Resistin Concentration in Early Sepsis and All-Cause Mortality at a Safety-Net Hospital in Riverside County

Abstract

Background: Sepsis mortality has remained unchanged for greater than a decade, and early recognition continues to be the most important factor in mortality outcome. Plasma resistin concentration is increased in sepsis, but its mechanism and clinical relevance is unclear. As one function, resistin interacts with toll-like receptor 4 in competition with lipopolysaccharide, a main component of the gram-negative bacterial cell wall. It is not known if the type of infection leading to sepsis influences resistin production. The objective of this study was to investigate whether 1) early plasma resistin concentration can predict mortality, 2) elevated plasma resistin concentration is associated with clinical disease severity scores, such as SOFA, mSOFA and APACHE II, and 3) plasma resistin concentrations differ between gram negative versus other etiologies of sepsis.

Methods: This was an exploratory study in the framework of a prospective observational design. Peripheral venous blood samples were obtained from subjects admitted to the intensive care unit at clinical recognition of sepsis (0 hour) and at 6 and 24 hours. Vasopressor utilization was not a requirement for inclusion. Plasma was analyzed for resistin concentration by ELISA. Cytokine concentrations including IL-6, IL-8, and IL-10 were determined by cytokine bead array. Cytokine data were evaluated against publicly available sepsis RNA expression datasets to compare protein versus RNA expression levels in predicting clinical disease state. Clinical data were collected from electronic health records for clinical severity index calculations and context for interpretation of resistin and cytokine concentrations. Subjects were followed up to 60 days, or until death, whichever came first. Statistical analysis was completed with R package and SPSS software.

Results: Resistin levels were elevated in subjects admitted to the intensive care unit with sepsis. Four-hundred subjects were screened with 45 subjects included in the final analysis. Thirteen of 45 patients were non-survivors. Mortality within 60 days correlated with significantly higher resistin concentrations than in survivors. A resistin concentration of >126 ng/mL at clinical recognition of sepsis and >197 ng/mL within the first 24 hours were associated with mortality within 60 days with an area under the curve of 0.82 and 0.88, respectively. Most subjects with resistin concentration greater than these threshold values were deceased prior to 30 days. Resistin concentrations correlated with SOFA, mSOFA, and APACHE II scores in addition to having association with increases in inflammatory and sepsis biomarkers. These associations were validated with analysis of RNA expression datasets.

Conclusion: Plasma resistin concentrations of >126 ng/mL at clinical recognition of sepsis and >197 ng/mL within the first 24 hours of clinical sepsis recognition are associated with all-cause mortality. Resistin concentration within this timeframe also has comparable mortality association to well-validated clinical severity indices of SOFA, mSOFA, and APACHE II scores.

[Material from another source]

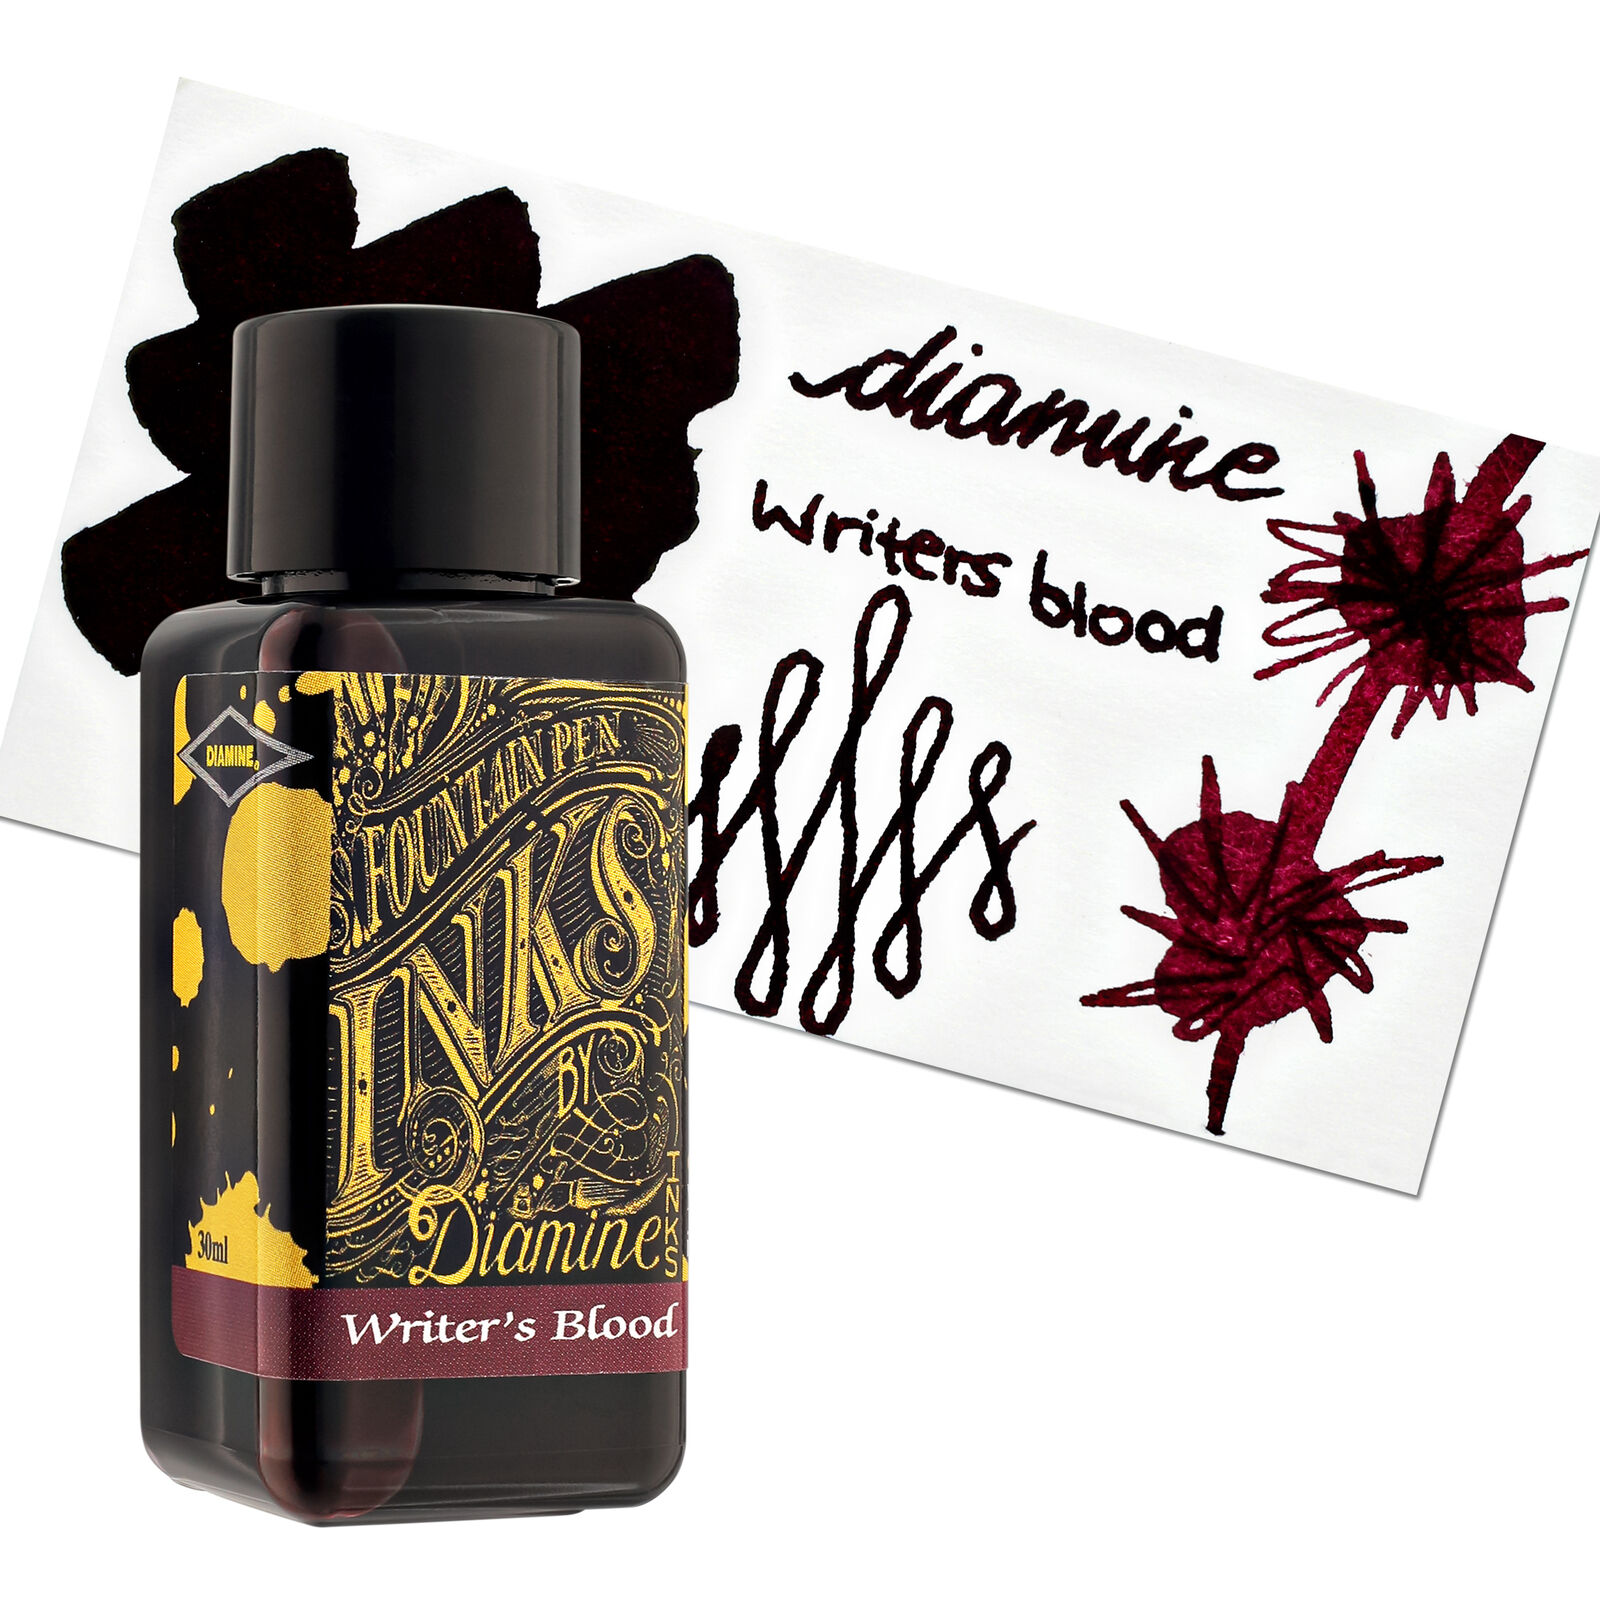 Diamine Classic Bottled Ink for Fountain Pens in Writer's Blood - 30 mL - NEW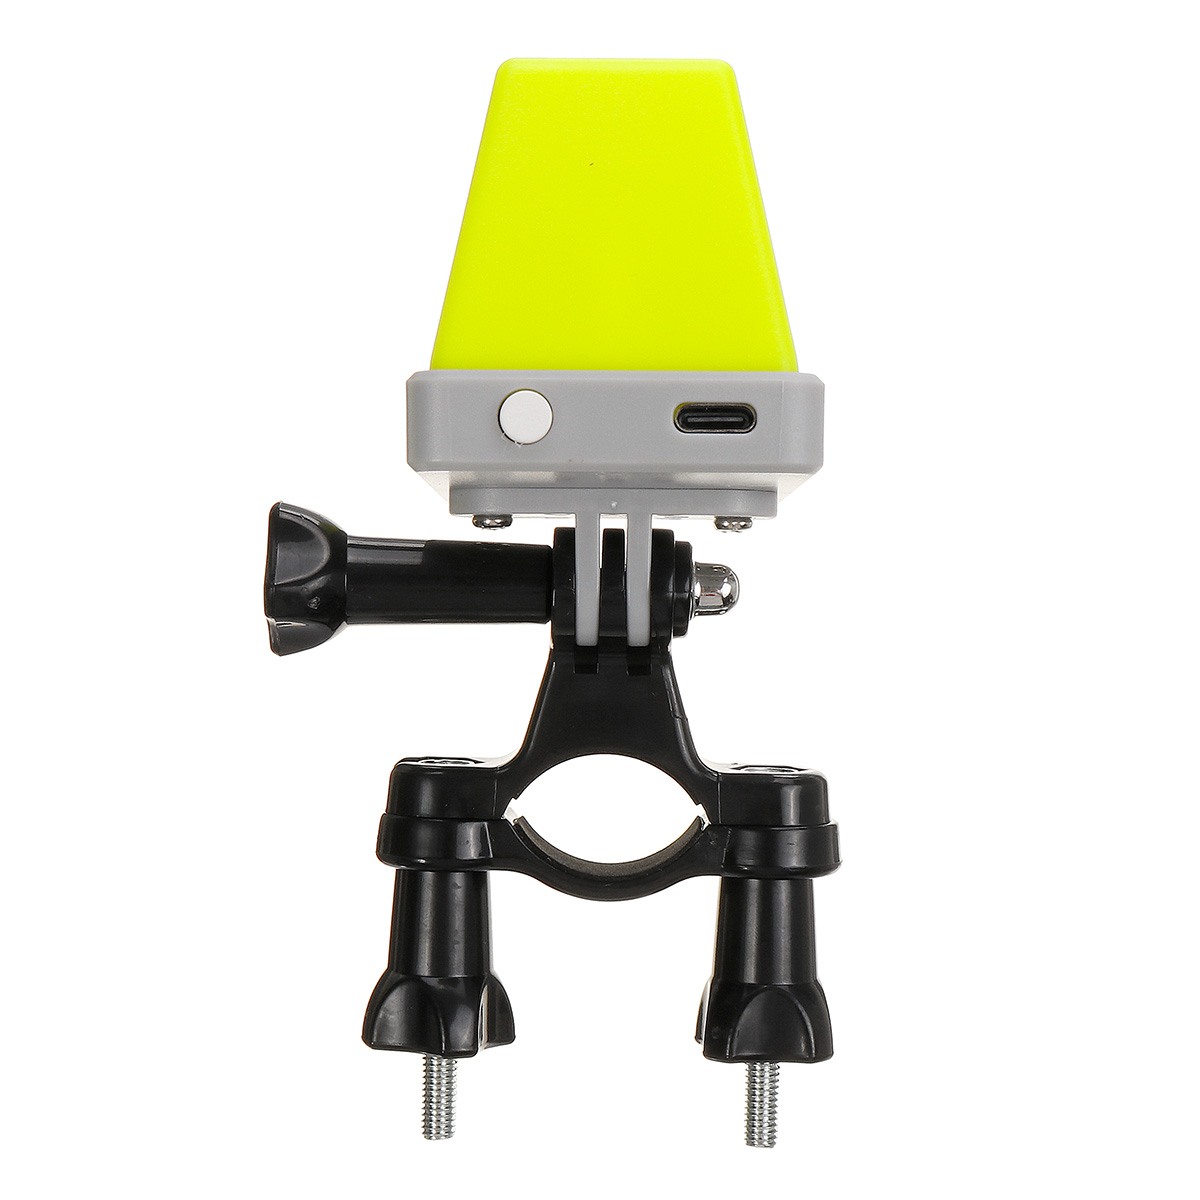 Helmet/Handlebar USB Rechargeable TAXI Sign Light Indicator Decoration for Motorcycle Bike Electirc Scooter - Auto GoShop

Keywords: gram-negative; mortality; resistin; sepsis.

Figure 1

Flow diagram of subject enrollment and outcome. T₀ = clinical recognition of sepsis; T_24-high = highest measured resistin concentration within 24 hours of clinical sepsis recognition. *Two non-survivors within 30 days and 1 non-survivor within 60 days had polymicrobial infections including GN bacteria. One non-survivor within 30 days was transitioned to comfort care.

Figure 2

Correlation analysis of immune and clinical parameters. Circle size and saturation of color indicate the strength of the correlation; the color shows the direction of the relationship, with positive being green, negative being black. Multiple test correction was used the method of false discovery rate (FDR) and only the pair correlation with FDR < 0.05 presented circles.

Figure 3

(A) Expression of genes coding for resistin, IL6, and IL8 in patients with different sepsis outcomes (GSE54514). (B) Protein levels of resistin (0, 6 and 24h), IL6 and IL8 (0h) in our dataset. (C) Correlations of genes coding for IL-6 and resistin in GSE54514 GEO (left panel) and plasma protein levels of IL-6 and resistin as reported in this study (right panel). Also see: http://immunodb.org/sepsis/.

Figure 4

Resistin association with all-cause mortality. (A and B). Circulating resistin concentration (ng/mL) at T₀ and at T_24-high in sepsis survivors (S) and non-survivors (NS). (C) Kaplan-Meier curves for all-cause mortality stratified for resistin concentration threshold of > 126 ng/mL at T₀, and (D) stratified for resistin concentration threshold T_24-high of > 197 ng/mL. ***p<0.001; ****p<0.0001.